Это мнение, так откровенно высказанное молодой девушкой, повлекло за собой несколько минут молчания. Жорж напрасно желал возобновить прерванный разговор. Ему нужен был сюжет для него, тогда он вспомнил, что они приближались к вертящемуся мосту Блэнна и спросил дона Лимареса, случалось ли ему проезжать таким образом, по железной дороге, настоящий морской рукав.

Последний отвечал, что нет, но слышав очень много об этих мостах, он сожалел, что ночь была слишком темна, чтобы можно было взглянуть на этот мост.

Под влиянием ли странной способности, которая дает возможность некоторым людям как бы предчувствовать события или от того, что воздух был тяжел и полон электричества, но Линда Лимарес не могла удержаться от движения ужаса.

Жорж заметил это.

— Что с вами, мисс? — спросил он.

— Я боюсь, — отвечала Линда.

— Ты боишься, Линда?.. — спросила мать, инстинктивно подвигаясь к ней.

— Первый раз в жизни произносишь ты это слово, — сказал, вздрогнув, дон Лимарес.

Маленький мальчик, увидя беспокойство, выражавшееся на лице старших, и смутно понимая происходившее, подошел к Линде.

— Сестра, — сказал он своим милым детским голосом, — разве есть опасность?

— Да!.. — отвечала она дрожащим голосом, крепко обняв ребенка.

В эту самую минуту поезд подъезжал к вертящемуся мосту Блэнна.

XVI.

Катастрофа

— Чтобы теперь ни случилось, нам не в чем будет упрекать себя. Мы попробовали действовать кротостью, но это не имело никакого успеха!

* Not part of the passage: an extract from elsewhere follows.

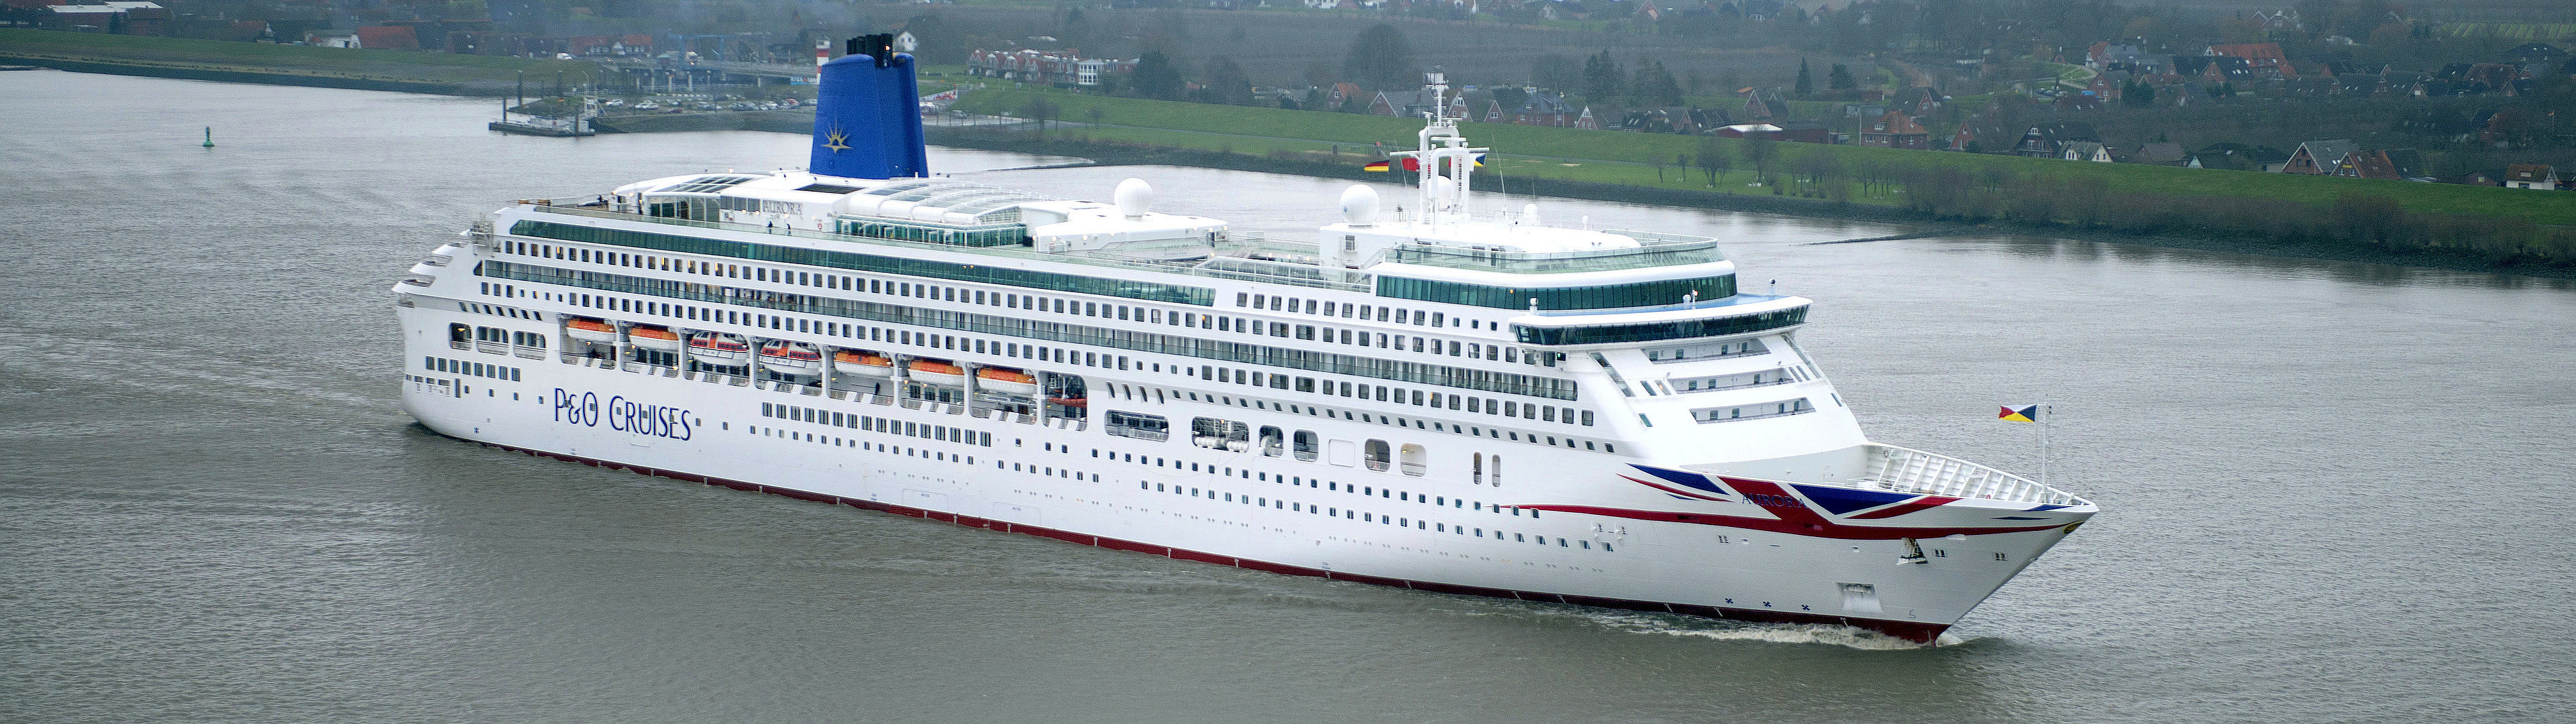 P&O Cruises Aurora.jpg
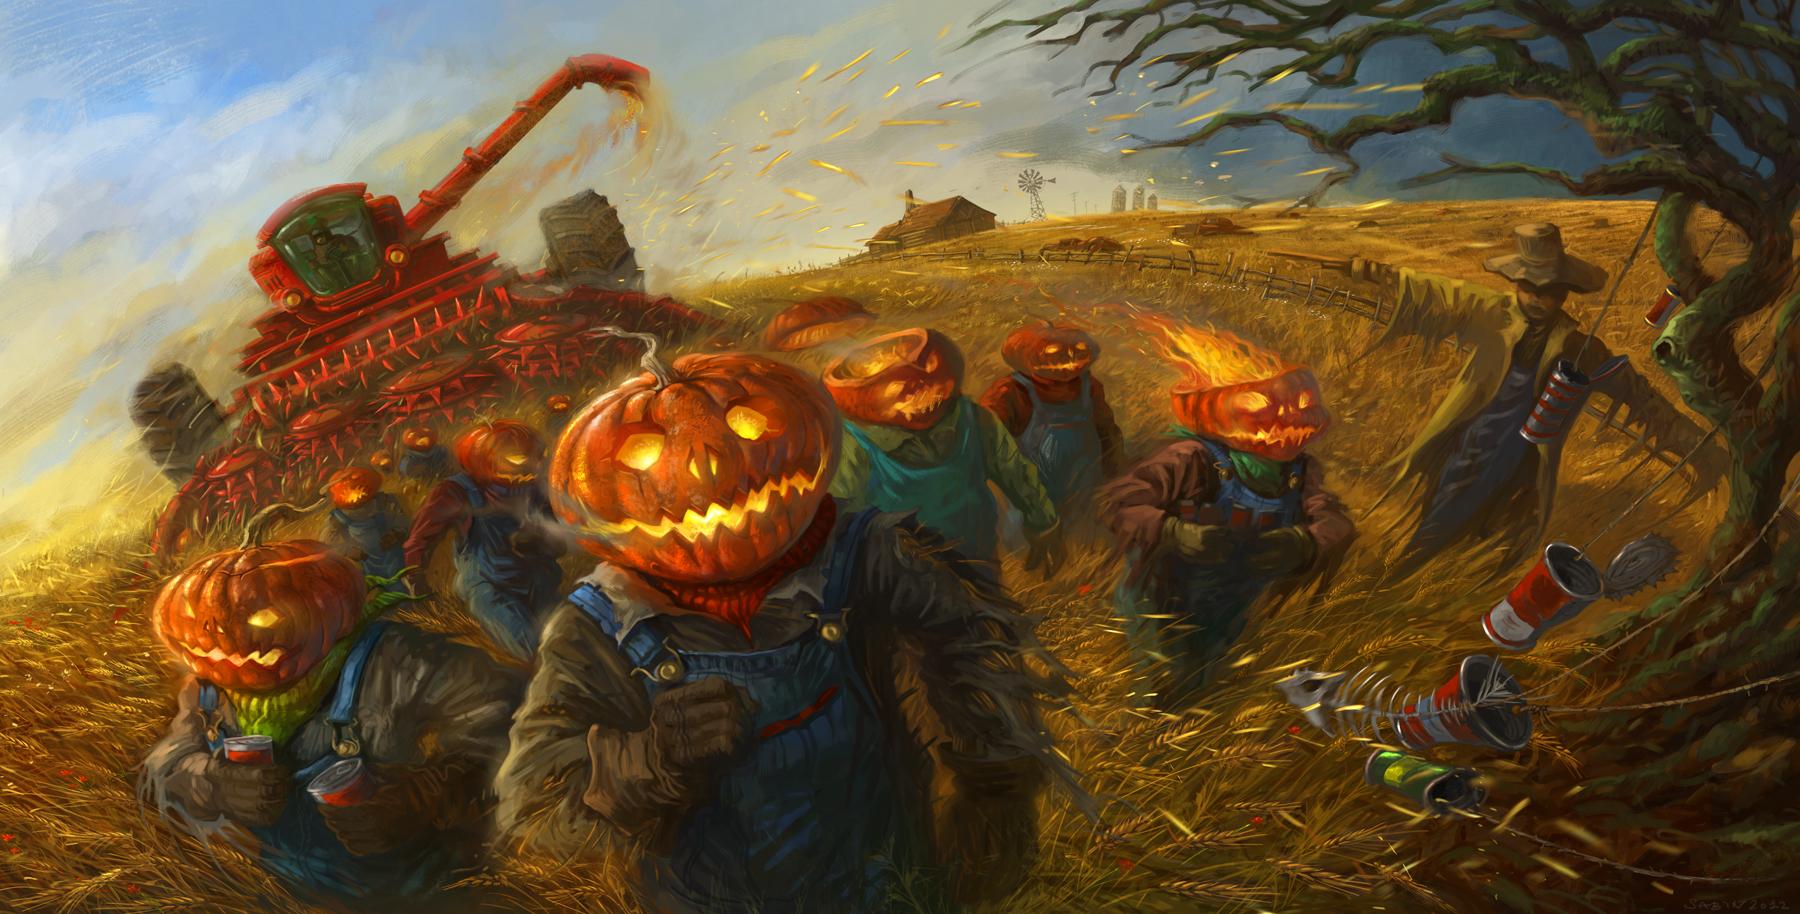 1329-harvest-time-sabin-boykinov

— Да, надо сознаться, что мы провели несколько невеселых минут. Пришлось же нам наткнуться на дурака, который желает быть добродетельным. Виданое ли это дело?

Этот разговор происходил между Брэддоком и Нильдом на дороге, которая вела от вертящегося моста к деревни Блэнна.

— Только бы Боб был готов! — сказал мистер Нильд.

Они ускорили шаги.

— Не надо давать времени этому начальнику сторожей возбудить против нас какое-нибудь подозрение!..

Это соображение принадлежало антикварию.

Они обошли деревню и, подойдя к маленькому лесу, заметили крестьянина, спокойно прогуливавшегося с трубкою в зубах.

Он подошел к пришедшим.

— Люди наши там, — сказал он, указывая на лес.

— Как! Да ведь это Боб! — вскричал Нильд. — А я его и не узнал.

— Соберите людей и назначьте им свидание у поста сторожей. Вы знаете местность?

При этом вопросе Боб пожал плечами, как человек, знающий свое дело.

— Они не сдаются, — сказал Нильд, — мы потерпели поражение, теперь ваша очередь!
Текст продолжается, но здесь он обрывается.